Do you trim it? How do you mow it?
[Laughs.] Good question. It is not something you put up there and absolutely walk away from. There is no such thing as a completely maintenance-free garden, roof or whatever you have any time you’re dealing with plants. You have to go up and inspect your drains to make sure nothing is in them. You probably need an inspection in the spring and an inspection in the fall. Most of the maintenance will occur in getting the roof established—for the first year you may have to have access to that roof if you put it on during the middle of the summer you’re going to have to provide some kind of irrigation to get it going. Even sedums, being Rottweiler tough, they would live but they wouldn’t thrive if you put them up there and didn’t water them for six weeks. Does it mean that you can’t put other plants on there? No. But we don’t know a whole lot about them and we don’t want a lot of things like grasses because they create a lot of biomass.
What do you do at the Center for Green Roof Research? Are you looking at how they work? How to get more cities to adopt them?
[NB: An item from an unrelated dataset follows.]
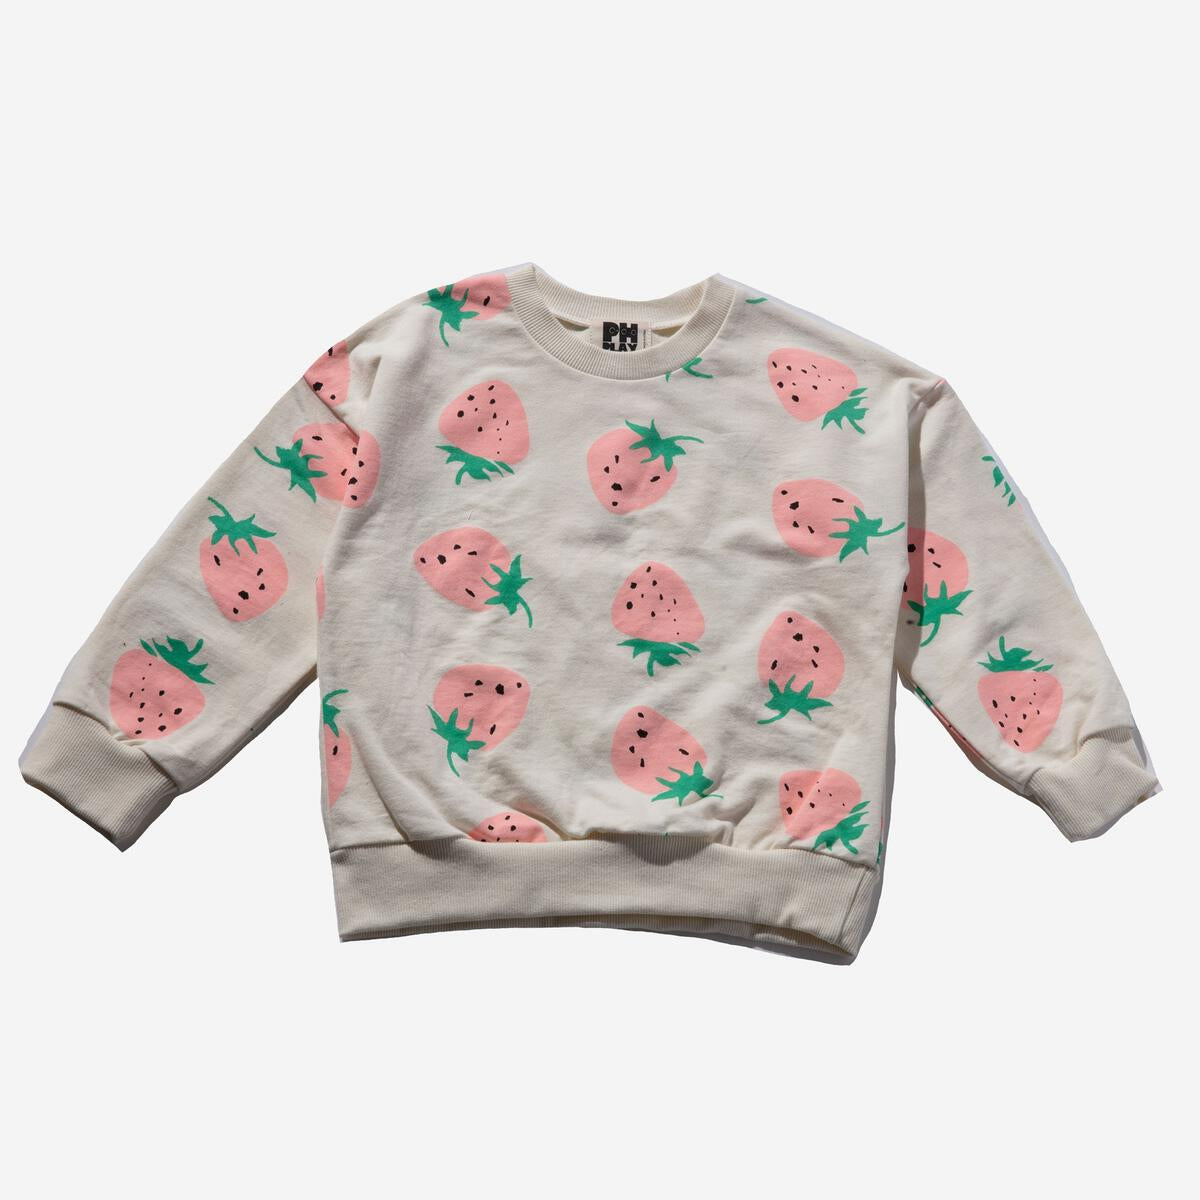 Strawberry sweatshirt set

The technology comes from Germany, so we feel we have to demonstrate that first of all it will, and secondly how it will, work in our climate. Our mission is to provide numbers for engineers and architects that they could estimate how much water would be retained on the rooftop. We’re trying to interest the federal government in it, particularly the [Environmental Protection Agency].
Is it interested?
Oh yeah. But the gristmill in Washington moves very slowly. We’ve made some reasonably good progress to put green roofs as a technology on their radar screen so when it comes for funding time they’ll acknowledge this technology has some validity.
Well, there are converts out there. Chicago’s city hall has a green roof so does the Ford Motor Company. What other prominent cities are adopting them?
They’re just about ready to let the bids out on one at the Interior Department in DC. The Harford Community College [in Maryland] just put one in-one of my students was the contractor. Anne Arundel County [also in Maryland] has been very much interested and have adopted green roofs as part of its storm water treatment methods. The best estimate—and there are no hard figures—is that there is somewhere between 800 million and one billion square feet in Germany. There are some cities like Stuttgart where you can hardly put up a building these days or go back and reroof a building unless you consider a green roof.
Well, it is beautiful, too.
Sure, there are lots of aesthetic advantages; [advantages for] wildlife and migrating songbirds. Think of if that kind of scene were to confront you outside your office window.